### THE DATA
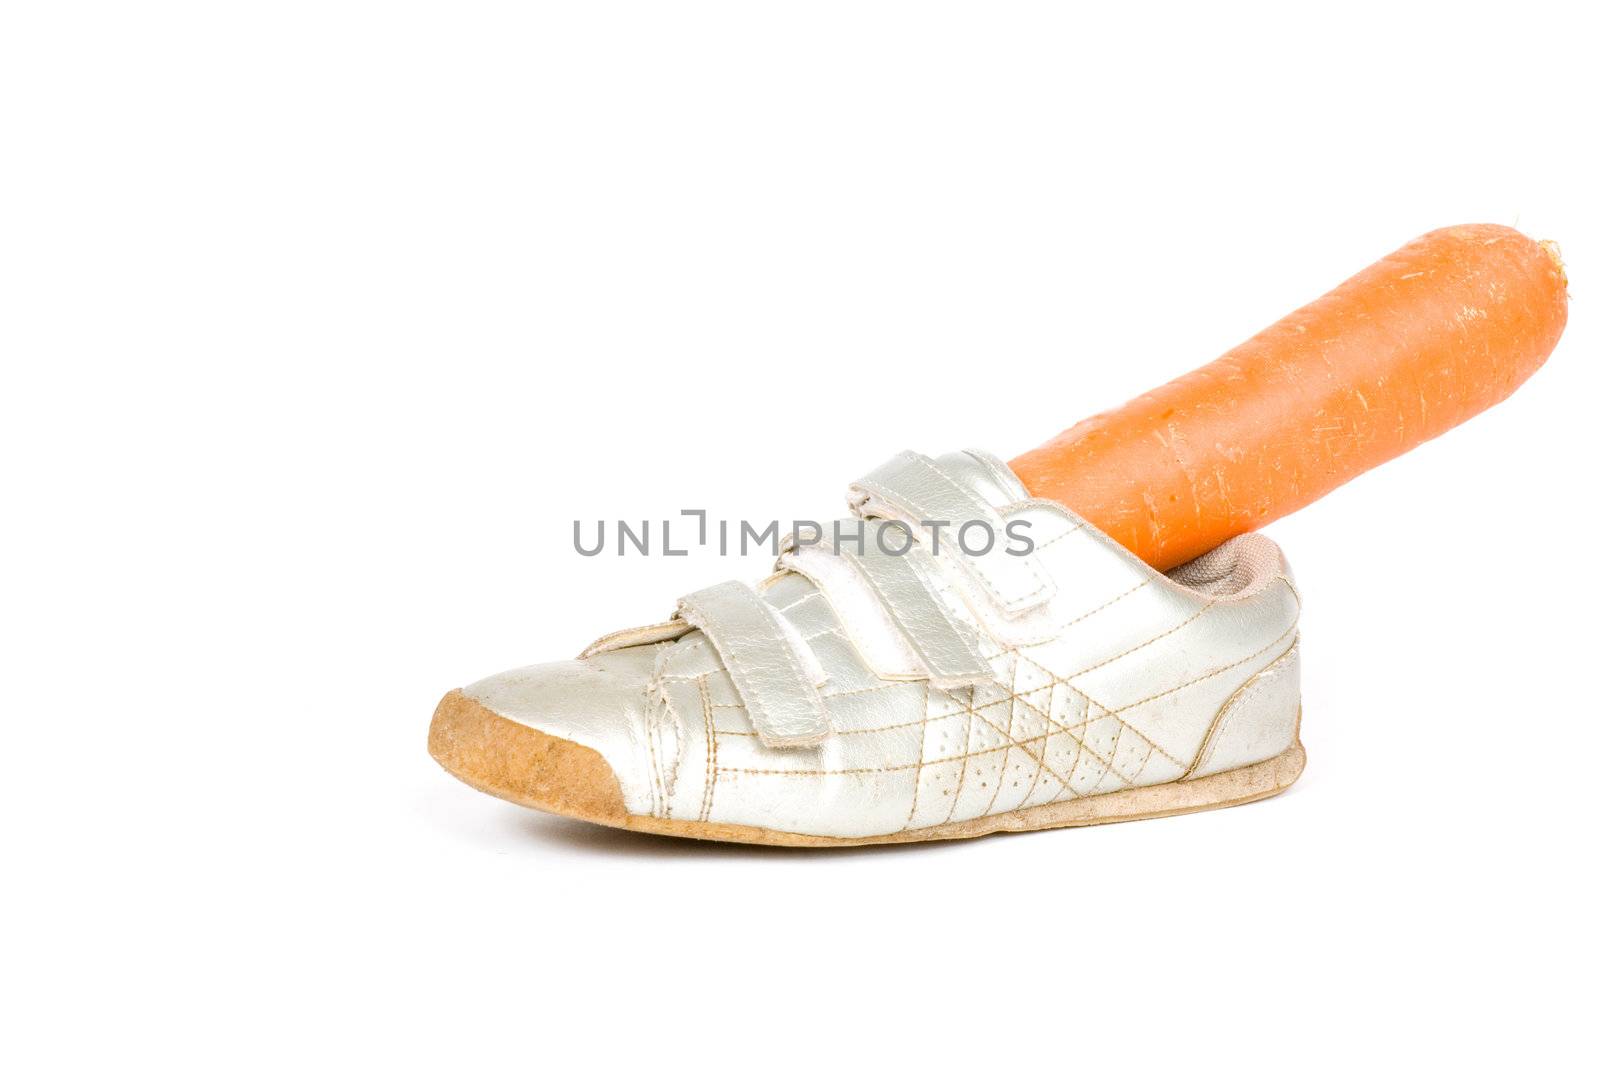 Shoe with carrot for the horse from Sinterklaas  on white

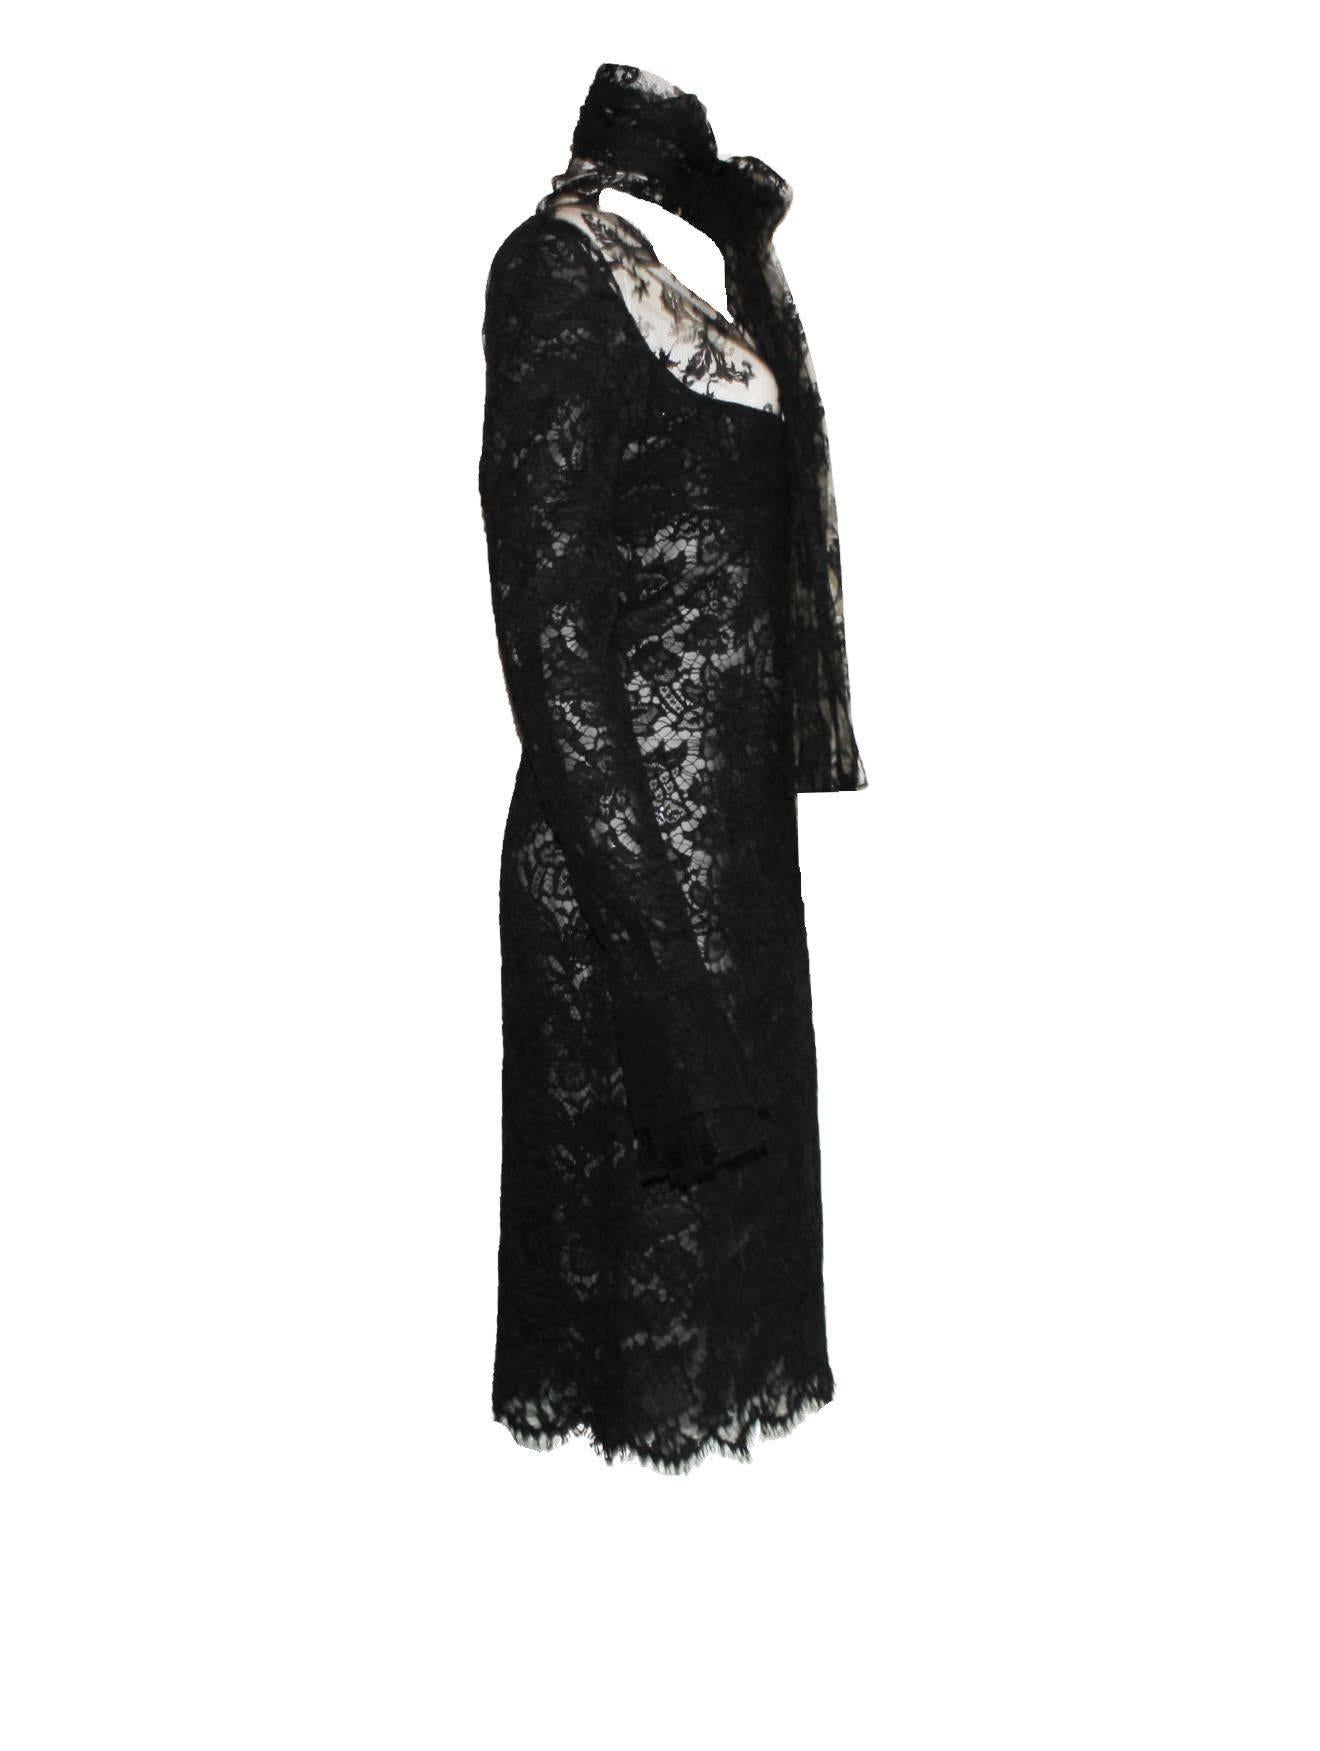 Lace dress designed by Tom Ford for Yves Saint Laurent 
FW 2002 Collection
Rare piece
Finest black guipure lace 
Lined on backside with black mesh tulle
Seen on the AD campaign, on the runway and on Carine Roitfeld
One of Tom Ford's most famous

### EXERCISE PROMPT
Whichever lines of the data include the word "black", pull them out.

### RESULT FOR THIS TASK
Finest black guipure lace 
Lined on backside with black mesh tulle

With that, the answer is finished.